Generally when we take the limit of a function $f(x)$ as $x \to \infty$, we get a constant value or $\pm \infty$. However, for some functions, as $x$ grows large, the curve approaches that of another function. For example, for large positive and negative $x$, the curve $y=x^2+\frac{1}{x}$ approaches $y=x^2$. Is this often used in the study of limits? I can see how it could be useful when a function approaches $\infty$ because it gives one a simple idea of how quickly it approaches infinity.
Thanks!
https://en.wikipedia.org/wiki/Asymptotic_analysis
This is what we call equivalents, and the notation $f(x)\sim g(x)$ means (provided $g(x)\neq 0$) that $\lim\limits_{x\to+\infty} \frac{f(x)}{g(x)}=1$ or in the $o$ notation $f(x)=g(x)+o(g(x))$.
From this definition it is obvious that if $g$ has a limit (including values $\pm\infty$), then $f$ has one too, and it is the same.
Of course it is not useful only for equivalents at infinity, you can have equivalents in $0$ or at any desired point.
In your case we would say $f(x)=x^2+\frac 1x\sim x^2$ to say that at infinity $f(x)$ behaves or is not much different from $x^2$.
In $o$ notation this means $f(x)=x^2+o(x^2)$.
Obviously you can multiply and divide equivalents, but not add them since negligible terms tend to vanish.
For instance at infinity $\displaystyle f(x)=\frac{3x^2+-5x+7}{7x^3-\ln(x)}\sim\frac{3x^2}{7x^3}\sim \frac{3}{7x}$ we have taken equivalents for numerator and denominator and divided them without restriction.
And at $0^+$ we have $f(x)\sim\frac{7}{-\ln(x)}$.

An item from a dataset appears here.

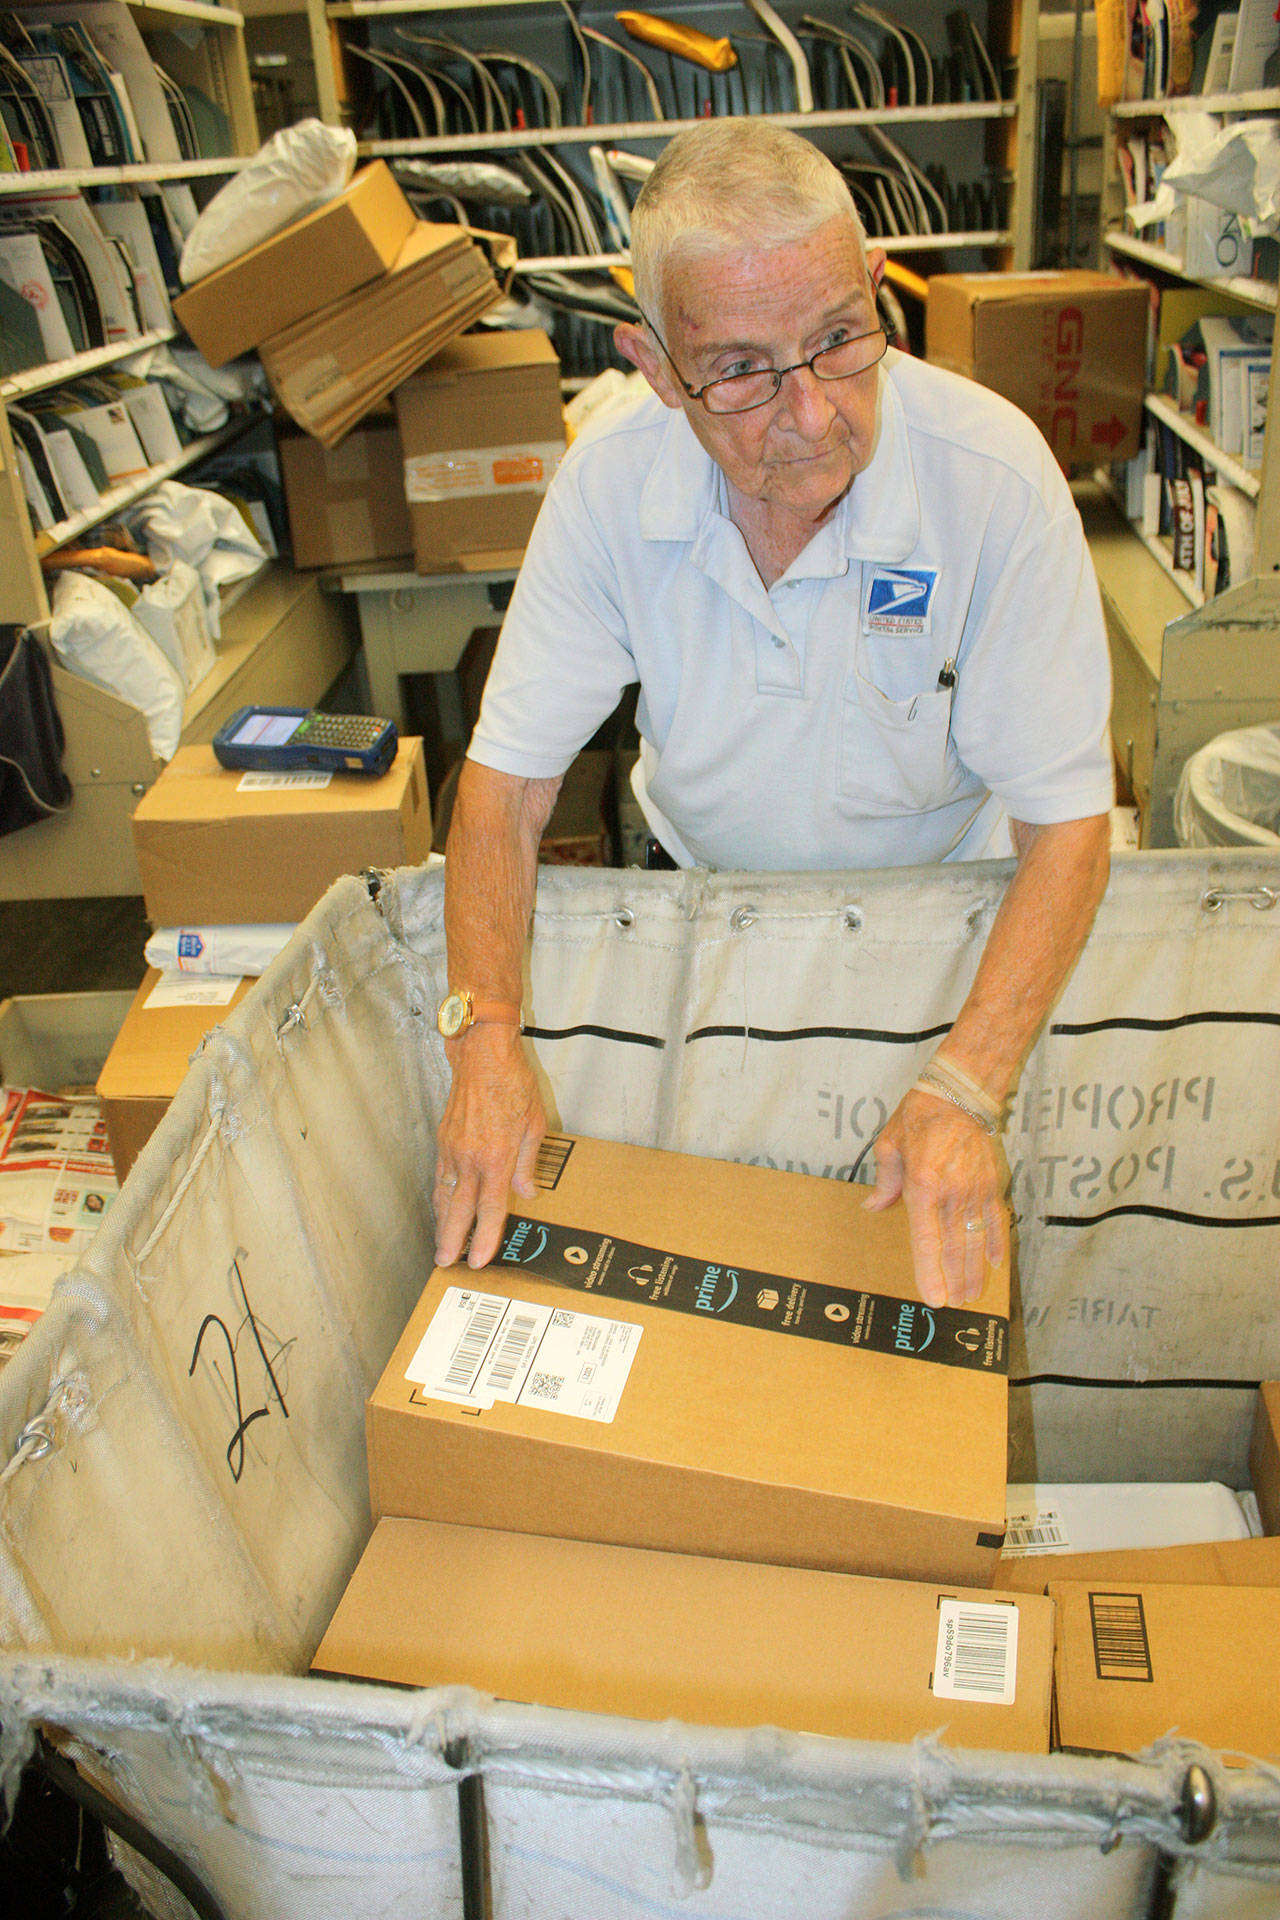 Myrna Ransier arranges packages for delivery at her workstation at the Auburn Post Office. MARK KLAAS, AUBURN REPORTER
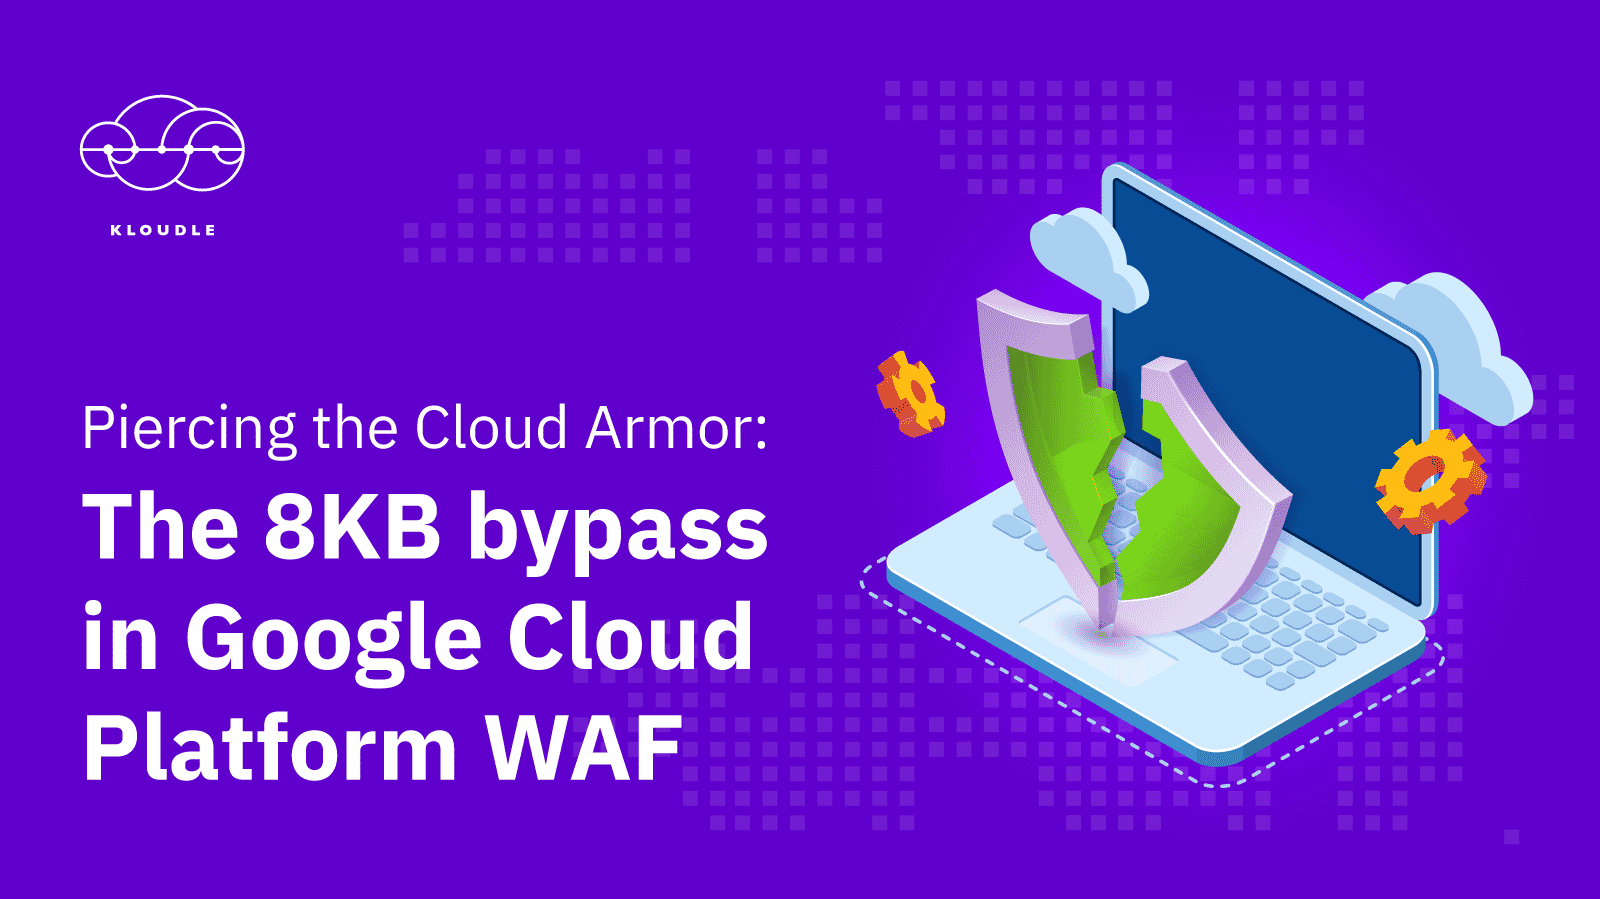 The 8KB bypass in Google Cloud Platform WAF

In any case with equivalents you keep only the main term, negligible ones are simply cancelled.
So this is a tool for finding limits and asymptotics quickly.
Excepted that, equivalents are compliant with integrals and series of terms constant sign.
For instance if $a_n>0$ and $a_n\sim b_n$ and $\sum b_n$ converges then $\sum a_n$ converges too.